## Available data
=== Section Start ===

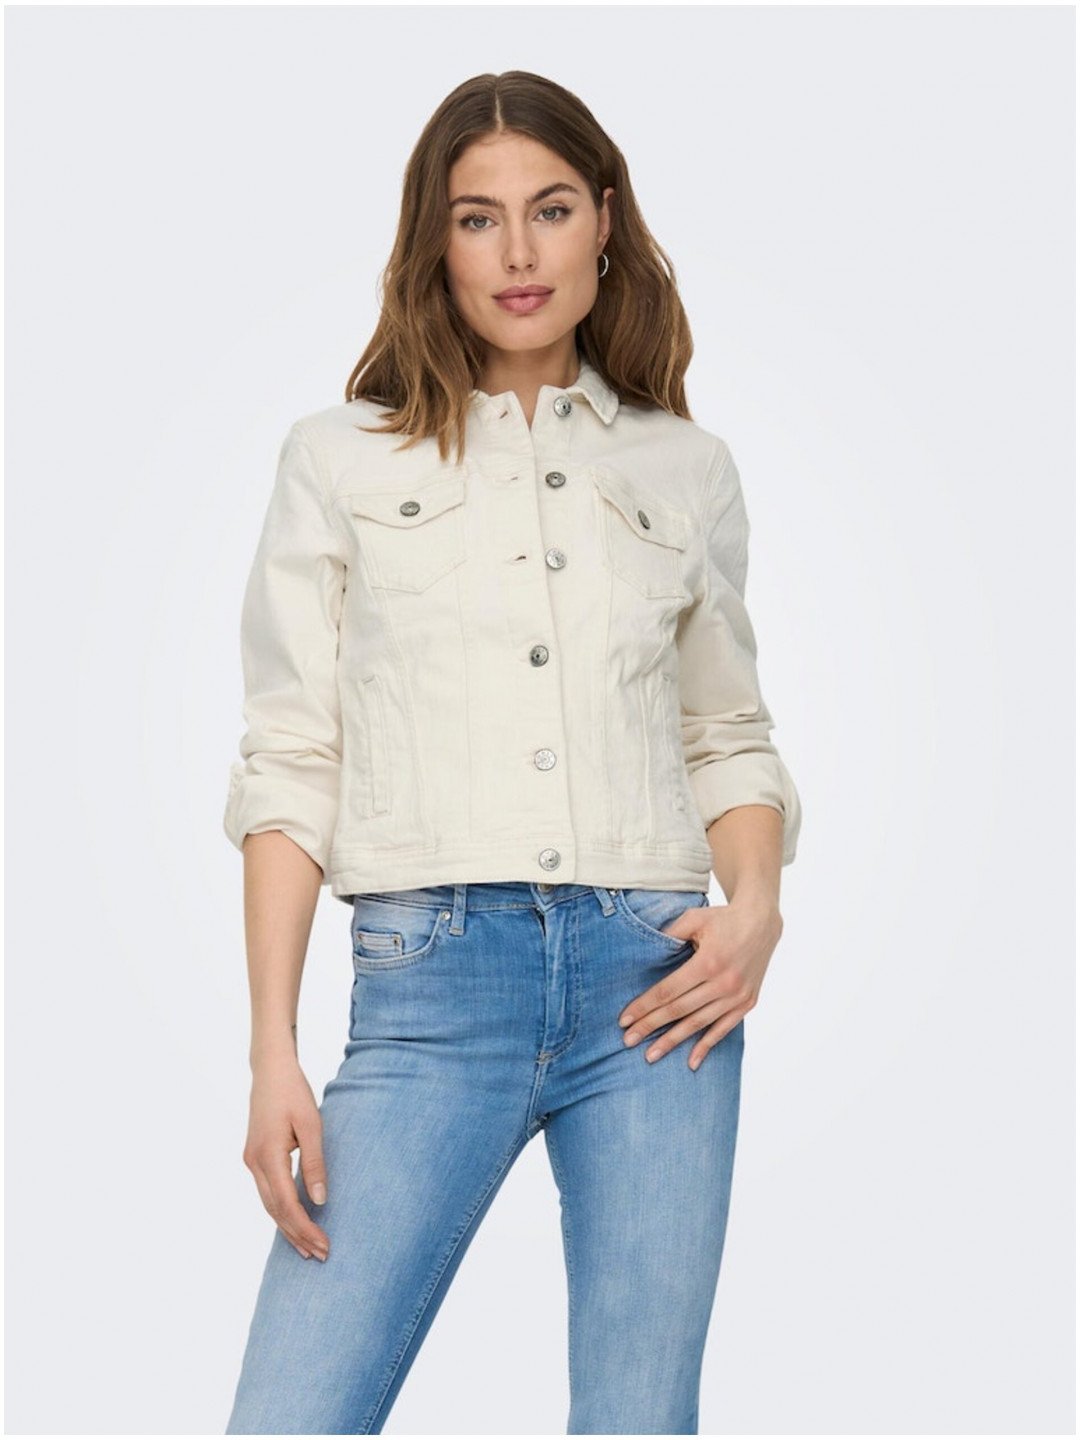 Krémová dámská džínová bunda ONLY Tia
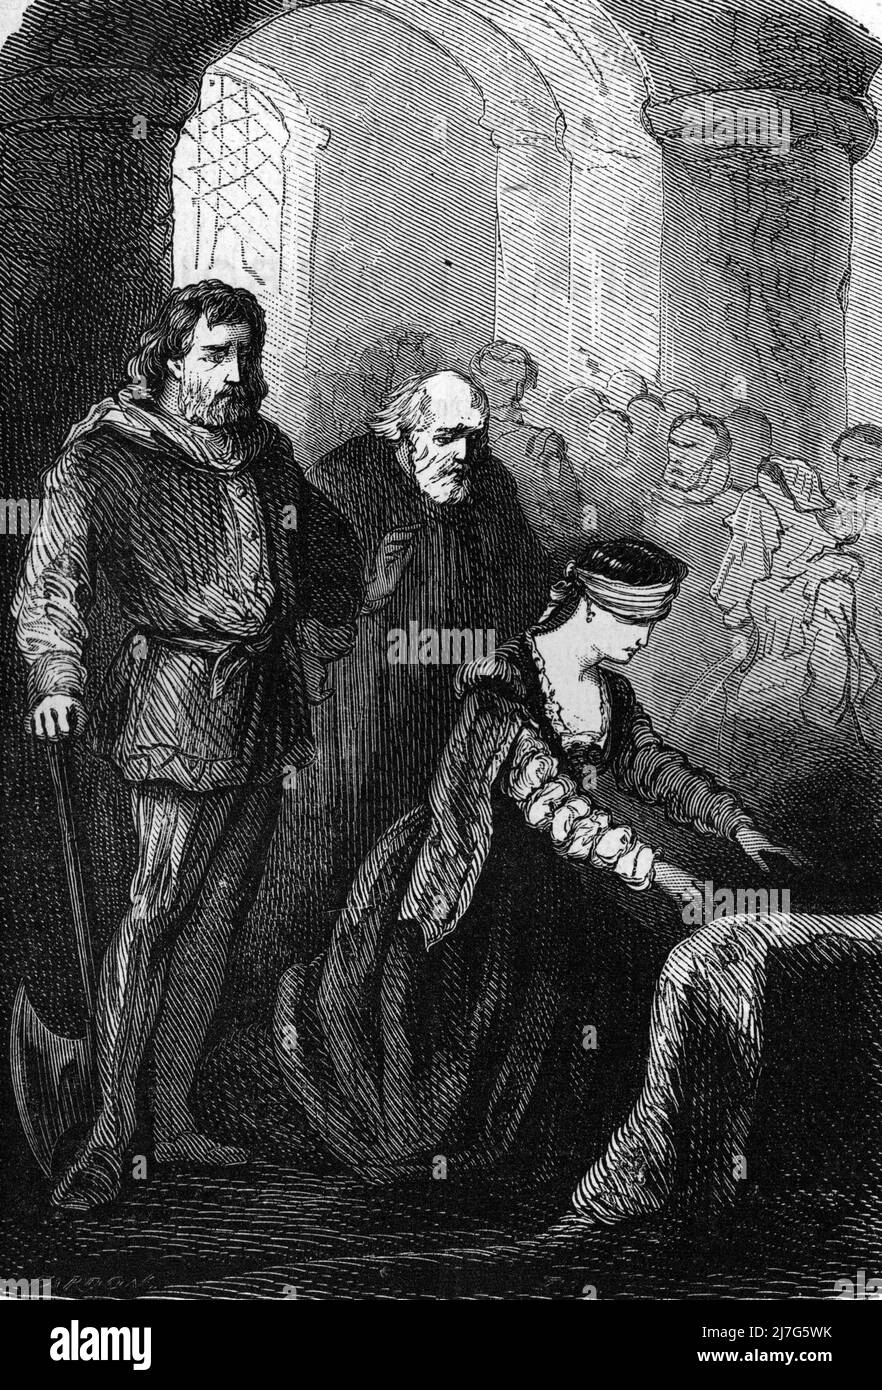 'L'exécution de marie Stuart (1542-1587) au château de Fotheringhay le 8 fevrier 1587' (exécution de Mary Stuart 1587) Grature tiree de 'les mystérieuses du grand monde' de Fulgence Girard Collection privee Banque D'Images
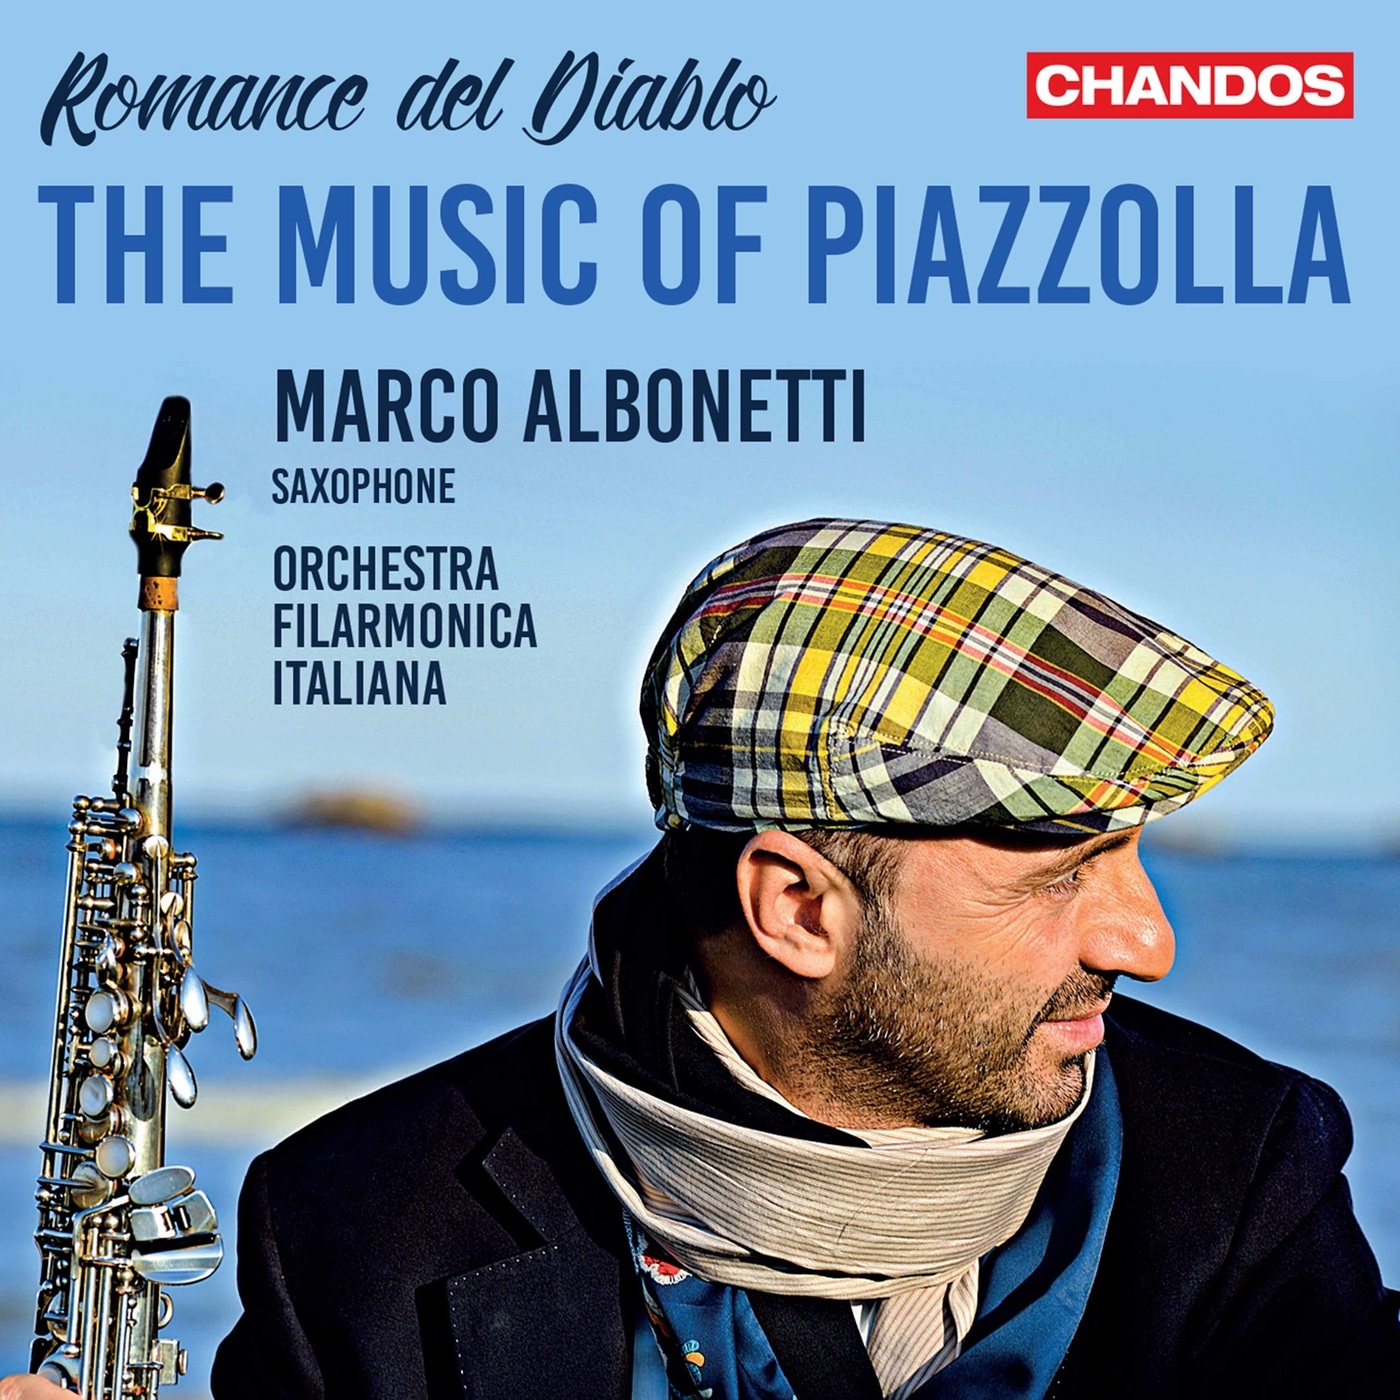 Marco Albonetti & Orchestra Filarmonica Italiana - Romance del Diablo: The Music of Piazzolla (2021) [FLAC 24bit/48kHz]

=== Section End ===

## Exercise brief
The reply should consist of the listing restated word for word, with its pictures removed.

## Answer to this task
 Krémová dámská džínová bunda ONLY Tia
 'L'exécution de marie Stuart (1542-1587) au château de Fotheringhay le 8 fevrier 1587' (exécution de Mary Stuart 1587) Grature tiree de 'les mystérieuses du grand monde' de Fulgence Girard Collection privee Banque D'Images
 Marco Albonetti & Orchestra Filarmonica Italiana - Romance del Diablo: The Music of Piazzolla (2021) [FLAC 24bit/48kHz]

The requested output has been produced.